==== Input data

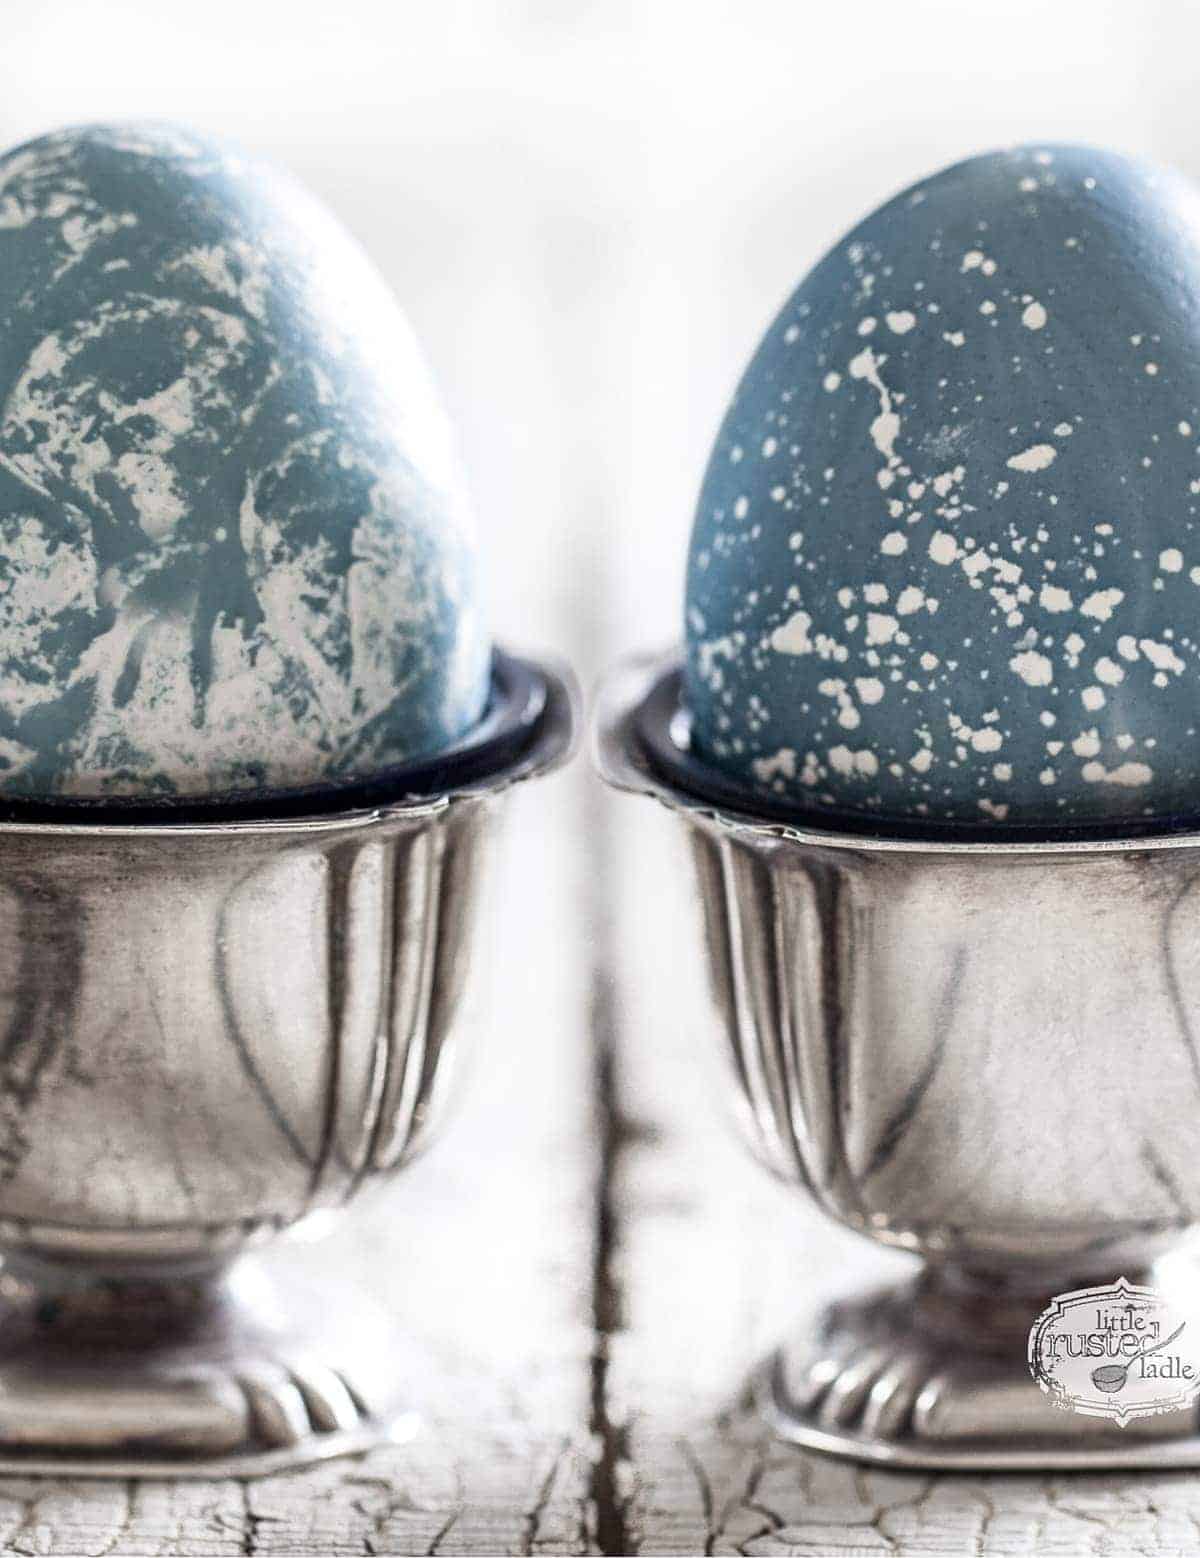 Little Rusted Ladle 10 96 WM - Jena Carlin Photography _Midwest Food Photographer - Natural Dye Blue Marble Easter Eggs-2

========
==== Input data

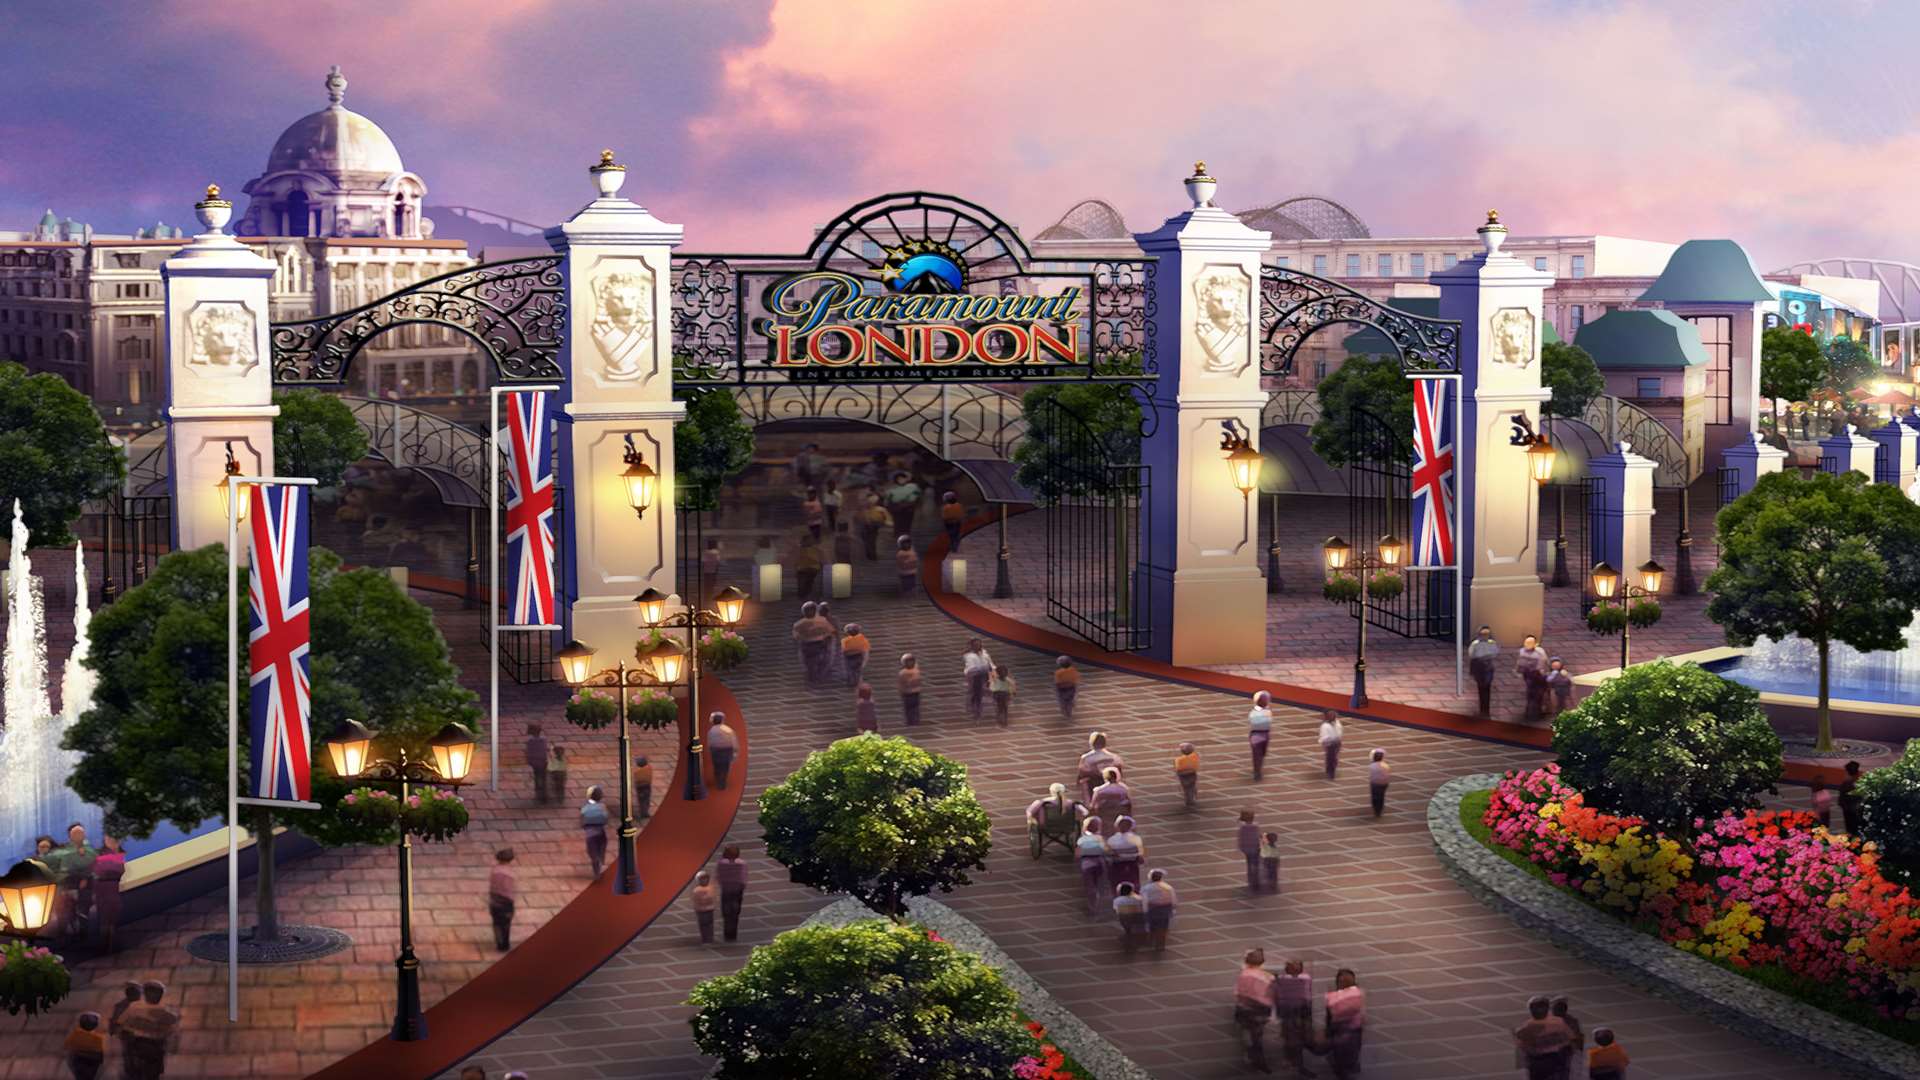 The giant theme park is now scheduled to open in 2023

========
==== Input data

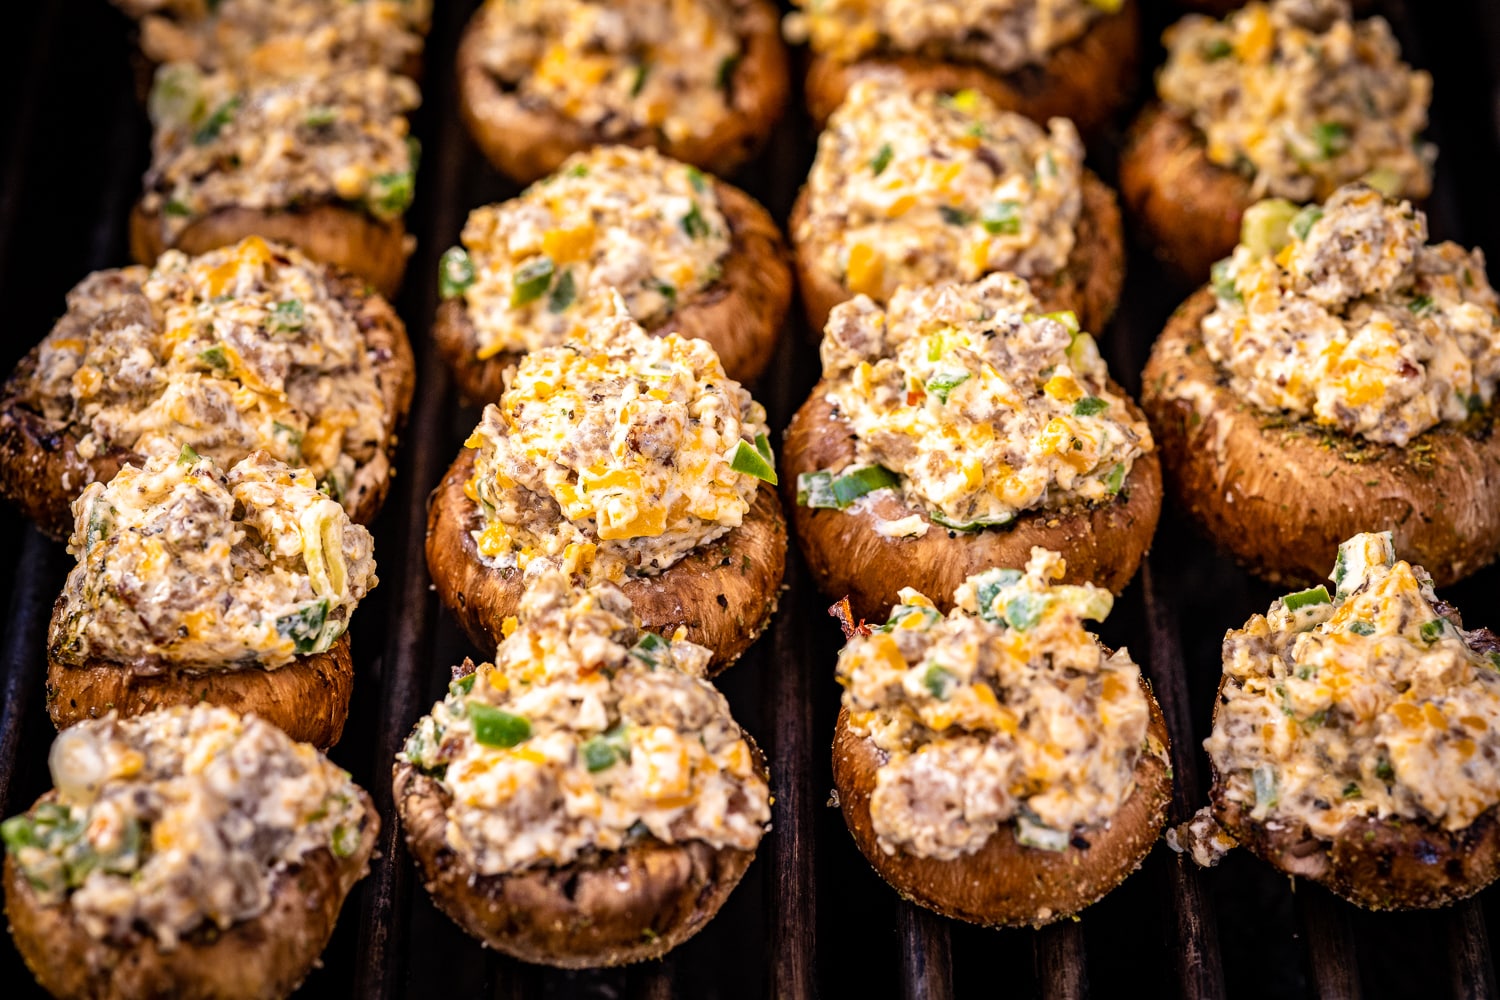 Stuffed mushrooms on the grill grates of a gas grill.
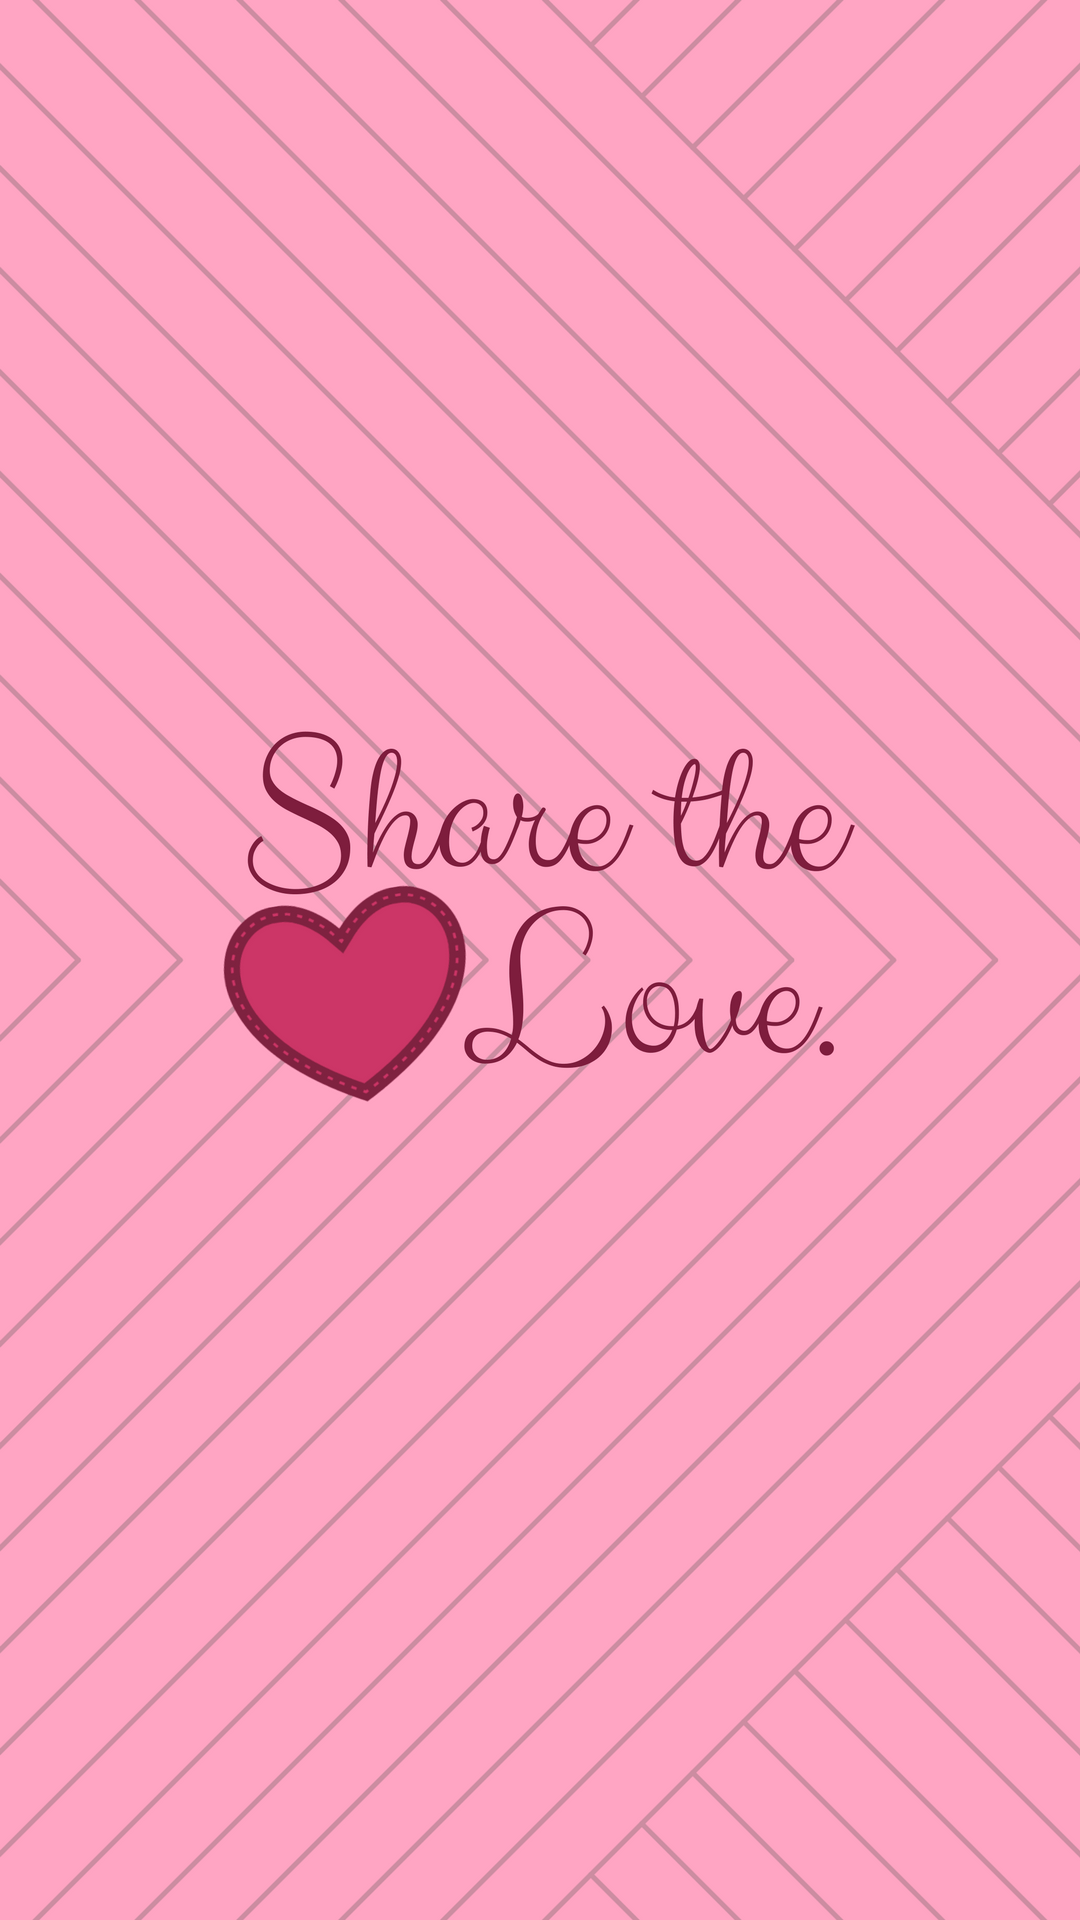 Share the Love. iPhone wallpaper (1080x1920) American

========

* Task description:
Using the entries above, reproduce word for word only the lines from the one that contains "Stuffed mushrooms on" to the one that contains "Share the Love.", both ends included, and drop every picture.

* Exercise response:
 Stuffed mushrooms on the grill grates of a gas grill.
 Share the Love. iPhone wallpaper (1080x1920) American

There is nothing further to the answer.